Yesterday, I boarded the Ventura again for one of the final sails of the season. This time, we took the Metro North railway to Tarrytown, New York and boarded the sailboat at the docks there. After motoring under the Tappan Zee bridge, a cantilever span across the Hudson River completed in 1955, Captain Pat (behind my dear friend Kathryn in the second photo) hoisted the sails and we glided by wind power along the west bank of the river. We sailed on a beam reach with the wind to our right for a couple of hours, taking in a great view of the palisades on the Hudson’s west bank, until the wind shifted to directly ahead, putting us “in irons” as the sailors say, and Pat had to turn the motor on again. From Tarrytown to the docks at the Wintergarden, near the former World Trade Center site, was about four and a half hours. Though the fall foliage hasn’t arrived yet, you couldn’t ask for a more delightful, partly cloudy, but crisp fall day.

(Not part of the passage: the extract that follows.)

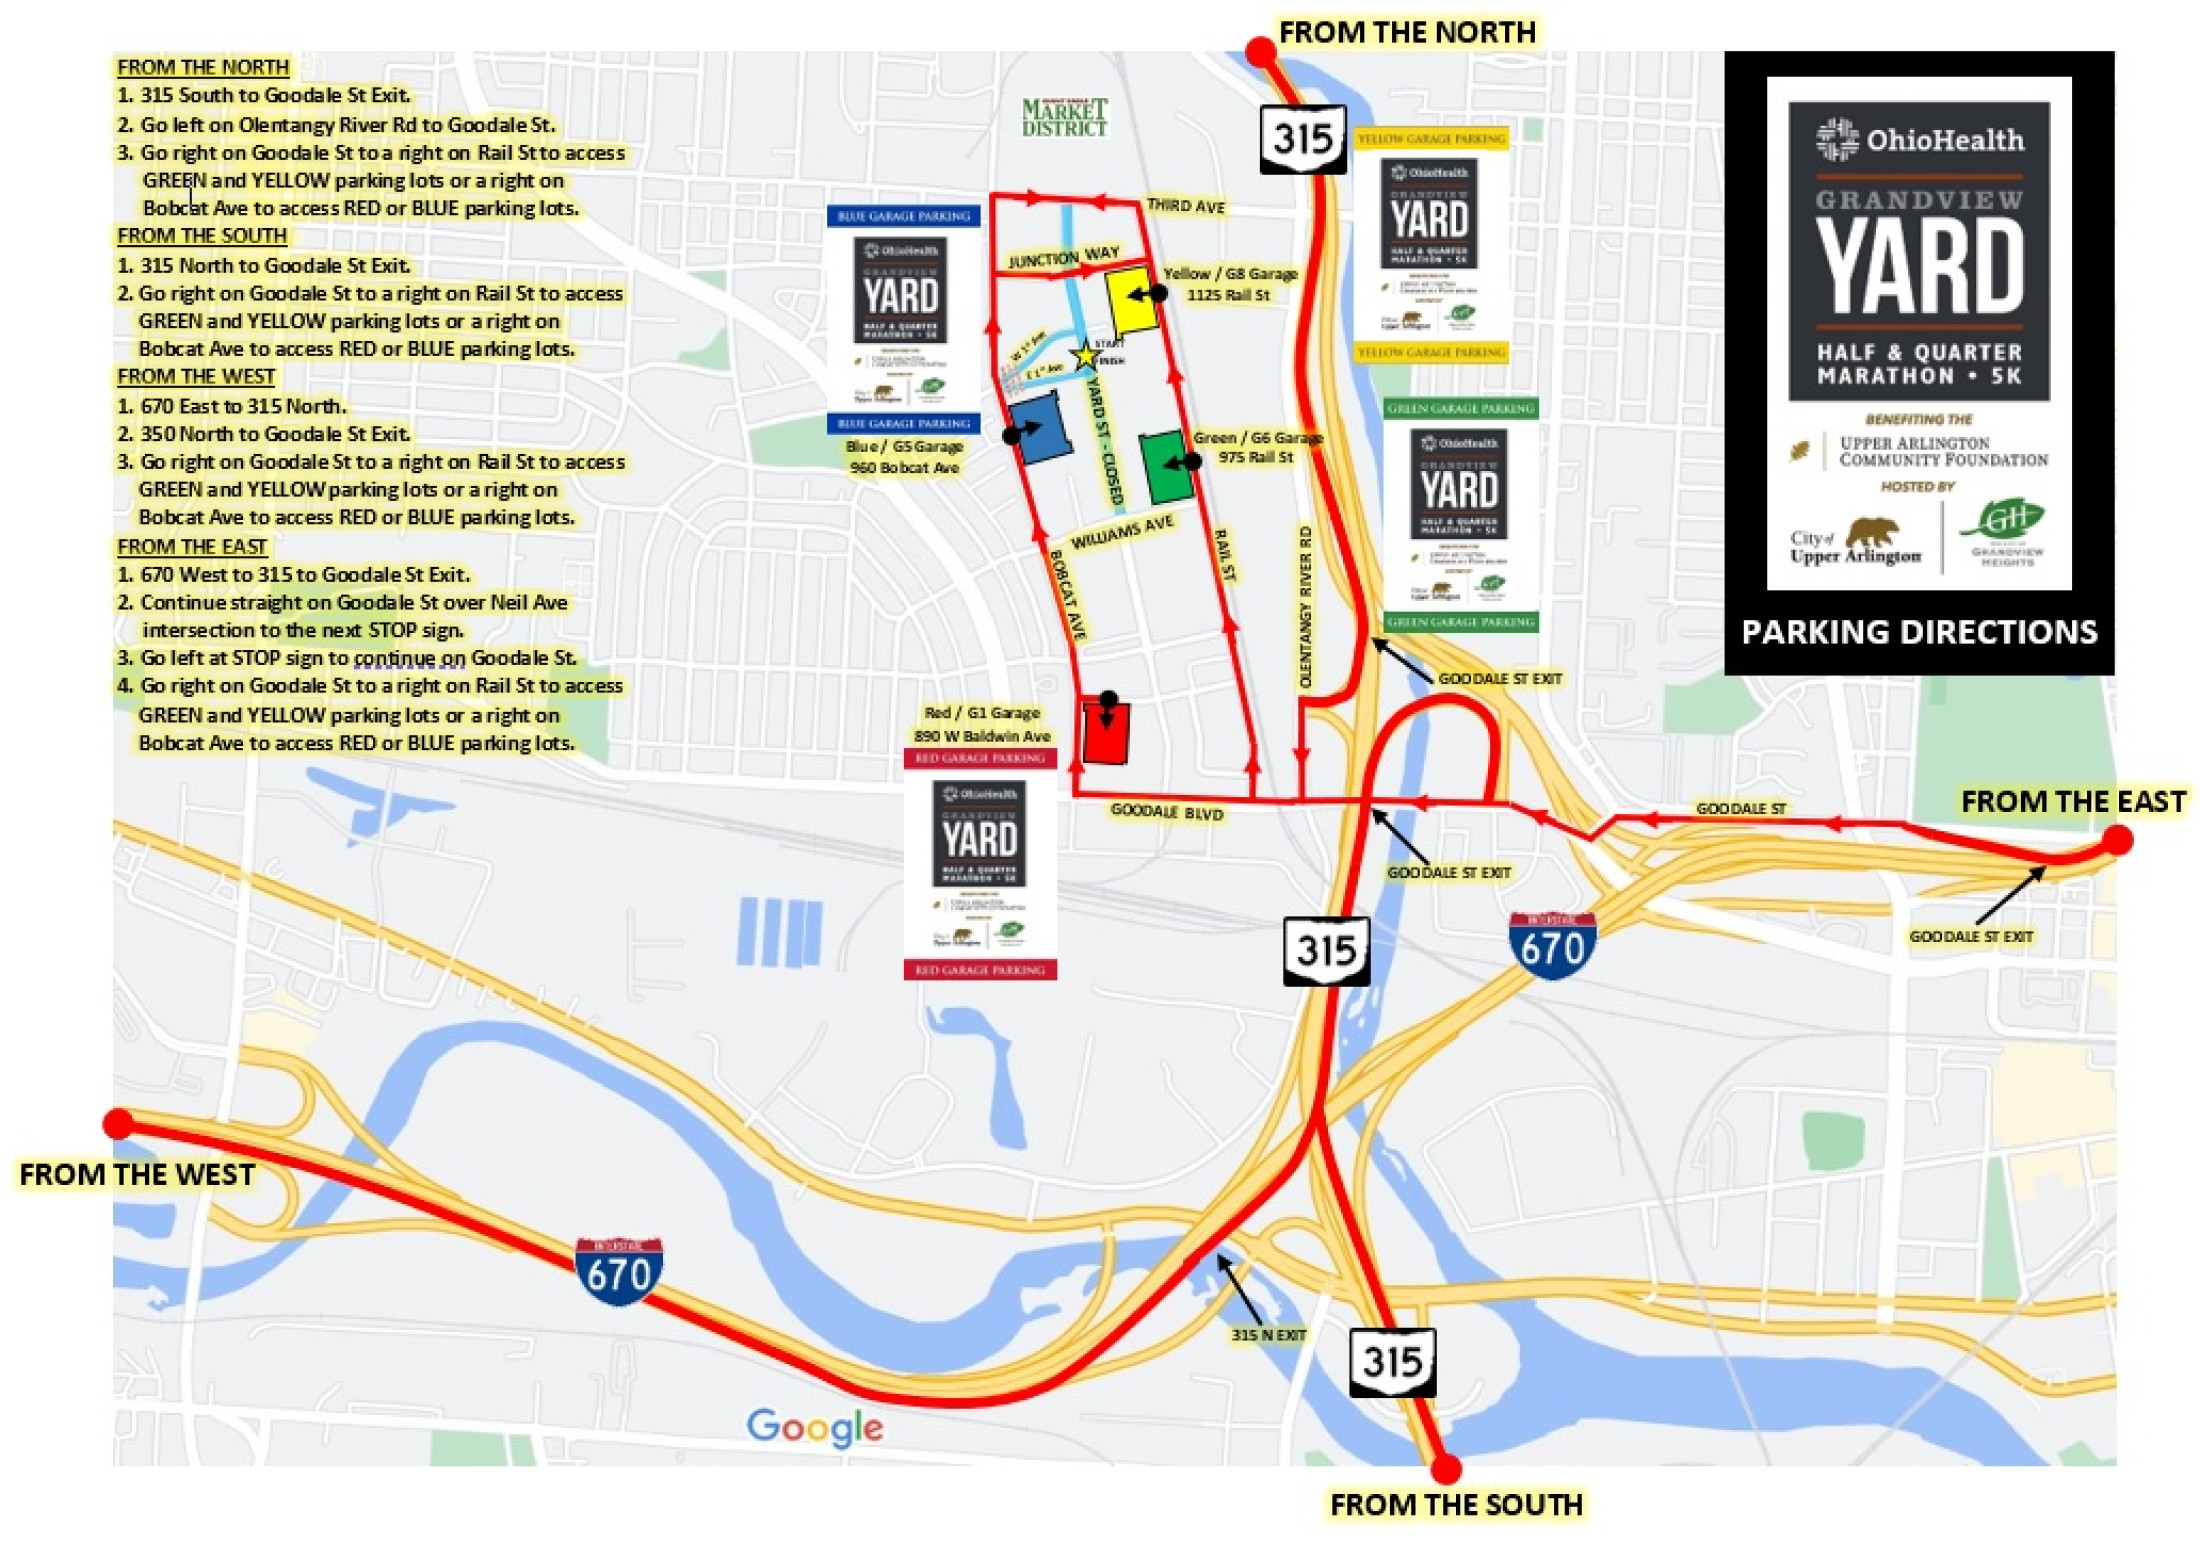 Parking Map » OhioHealth Grandview Yard Half & Quarter Marathon

Today, I went for long, meandering walks in Prospect Park, between the Brooklyn neighborhood where I’m now living (Prospect Lefferts Gardens) and my old neighborhood, Park Slope. As I came back, I noticed these big puppet masks and costumes sitting on a park bench near a gazebo, across from a meadow where a bunch of Caribbean islanders were playing soccer.
I have no idea what the masks of a big green head and a scary gray bug were doing there. Did I miss a pageant? Is it just practice for Halloween? The former occupants of the costumes were nowhere to be seen, or I would have asked.